Plaque-forming viruses containing 15-nt insertions. The insertions and corresponding viruses are designated by the name of the protein containing the insertion and the number of the amino acid residue after which 5 additional amino acids were inserted. Insertions after the same amino acid that were encoded by15 nts inserted in different reading frames of the same or adjacent codons are named as “a” and “b” respectively. (A) Nucleotide and amino acid sequences in viruses with 15-nt insertions. For each insertion, the nucleotide (upper line) and the predicted amino acid (lower line) sequences are shown. The nucleotide numbers at the start of each sequence refer to the nucleotide numbers in the Mahoney strain of PV type 1 genome. The nucleotide sequences introduced by transposon insertion are in bold italics. In each case, five nts that were duplicated from the viral genome during transposon insertion are underlined, as are the five amino acid sequences introduced by the insertion. For the C-terminal insertions in protein 3C, the (potential) 3C-3D cleavage site(s) are indicated by arrowheads. The far right column indicates the number of independent isolates of each mutant that was recovered. (B) Plaque phenotypes of viruses with 15-nt insertions. Plaques were stained 48 h after infection with the indicated viruses.

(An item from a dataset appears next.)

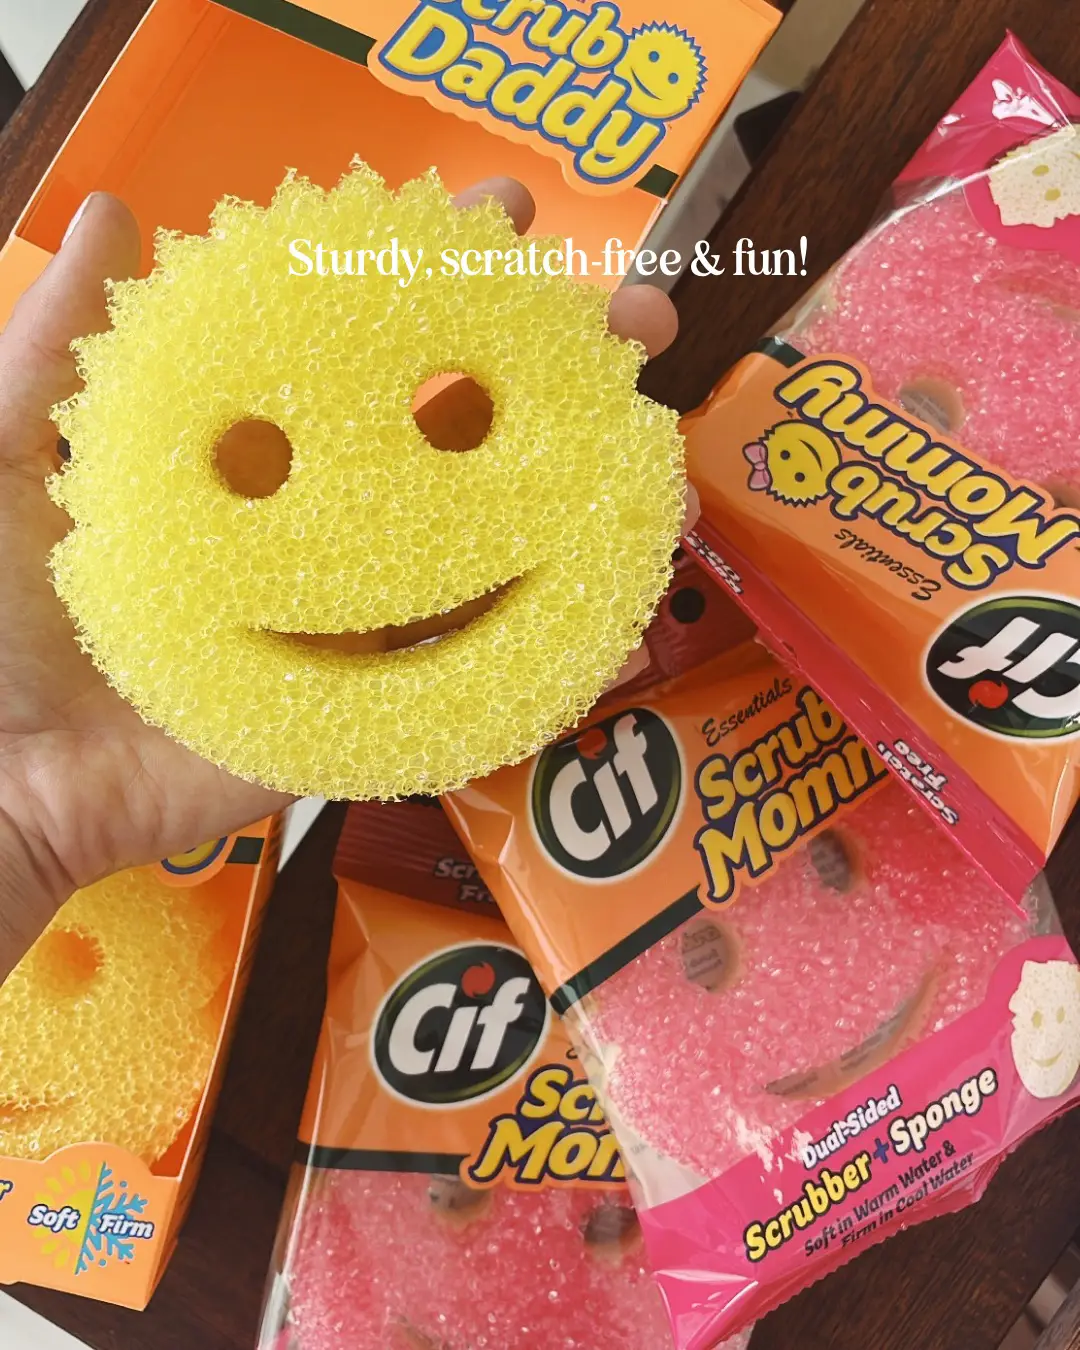 The difference between Scrub Daddy and Scrub Mommy 
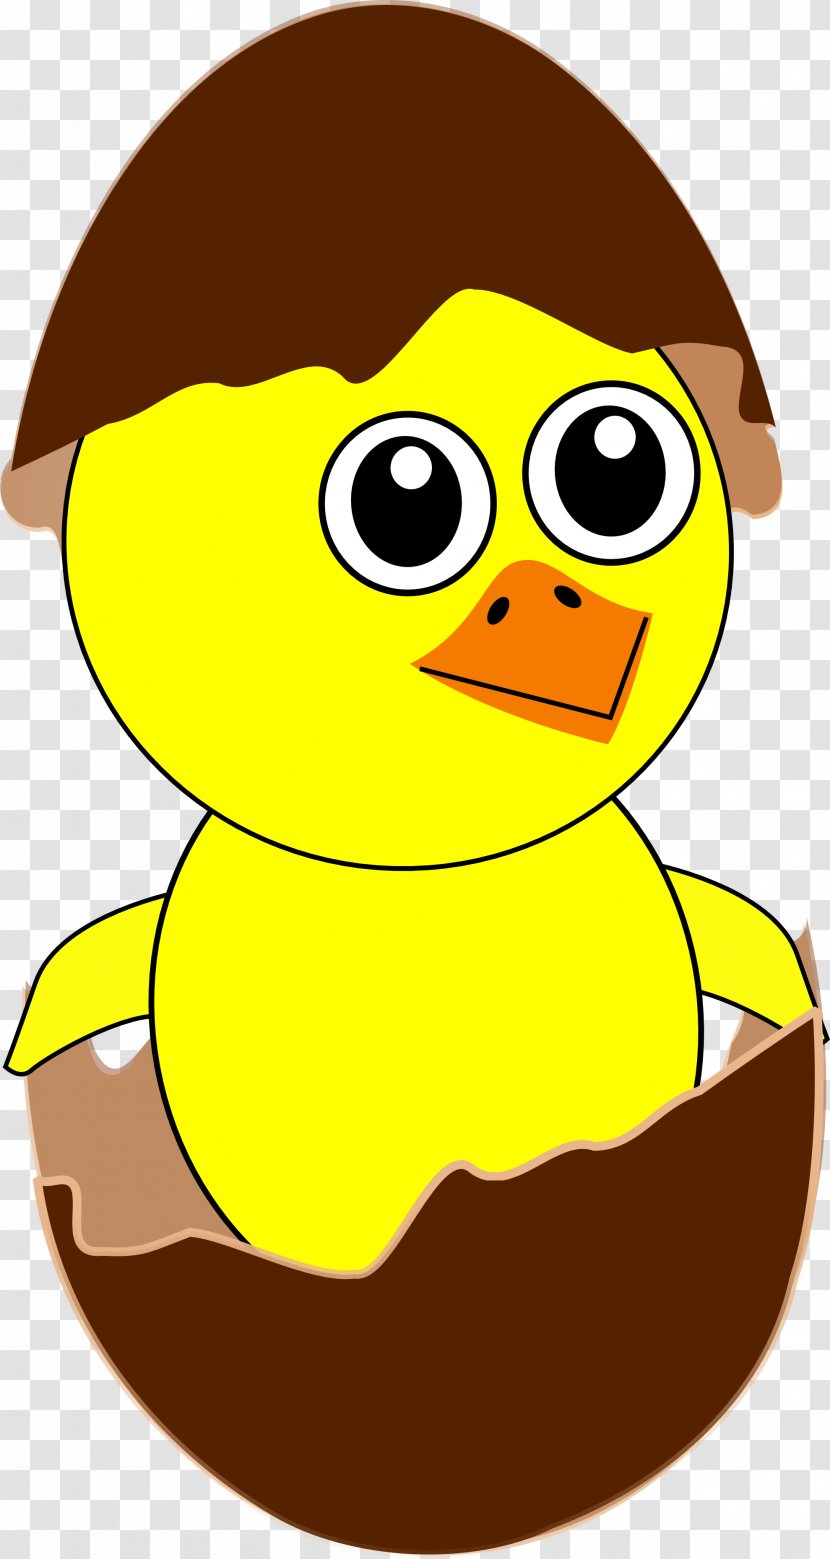 Chicken Cartoon Clip Art - Emoticon - Easter Images Transparent PNG

Virus plaque phenotypes were analyzed in four separate experiments (a – d), and each included a parental wild-type virus control for comparison. For panel (a), the parental wild-type virus was from pPVM, which forms slightly smaller plaques than that from pXpA, used as the parent for panels (b – d).

Figure 3

The structures of PV proteins displaying sites of the insertions of 5 amino acids. Amino acid residues preceding the 5-aa insertions are indicated in red. Ribbon diagrams are shown of (a) a putative model of PV 2A protein modeled using the I-TASSER server was used to predict the PV 2A structure from the NMR-derived magnetic resonance structure of Coxsackievirus B4 2A protein (PDB ID: 1Z8R) (Baxter et al., 2006); (b) the predicted homodimer formed by the N-terminal soluble portion (60 amino acids) of PV protein 3A (PDB ID: 1NG7) (Strauss et al., 2003); (c) peptide 3B (PDB ID: 2BBL) (Schein et al., 2006); (d) protein 3C (PDB ID: 1L1N) lacking amino acids 180-182 at the C-terminus) (Mosimann et al., 1997); (e) protein 3D (PDB ID:1RA6 (Thompson and Peersen, 2004); and (f) protein 3CD (PDB ID: 2IJD) (Marcotte et al., 2007). The structure analysis and graphics generation were done using PyMOL Viewer .

Figure 4

Conservation of the non-structural polyprotein part and location of PVM insertions. A plot of the conservation along the non-structural part of the polyprotein alignment is shown for three evolutionary scales which include eleven Coxsackie A virus plus three poliovirus serotypes forming the species Human enterovirus C (A), one representative for each of the four Human enterovirus species (B) and one representative for each of the eleven species of the genus Enterovirus (C). The normalized similarity measure was compiled under the Blosum62 substitution matrix and smoothed using a sliding window with a size of 5 aa and an overlap of 3 aa positions. The mean similarity of single protein alignments is indicated by dashed horizontal lines and their positions are shown using rectangles and names on top. Below, the positions of PVM insertions resulting in viable virus are indicated by vertical bars. Neighboring insertions are grouped together and highlighted with grey background. Each intersection of an insertion with a similarity distribution curve is magnified in a respective inlet that zooms in on the intersection.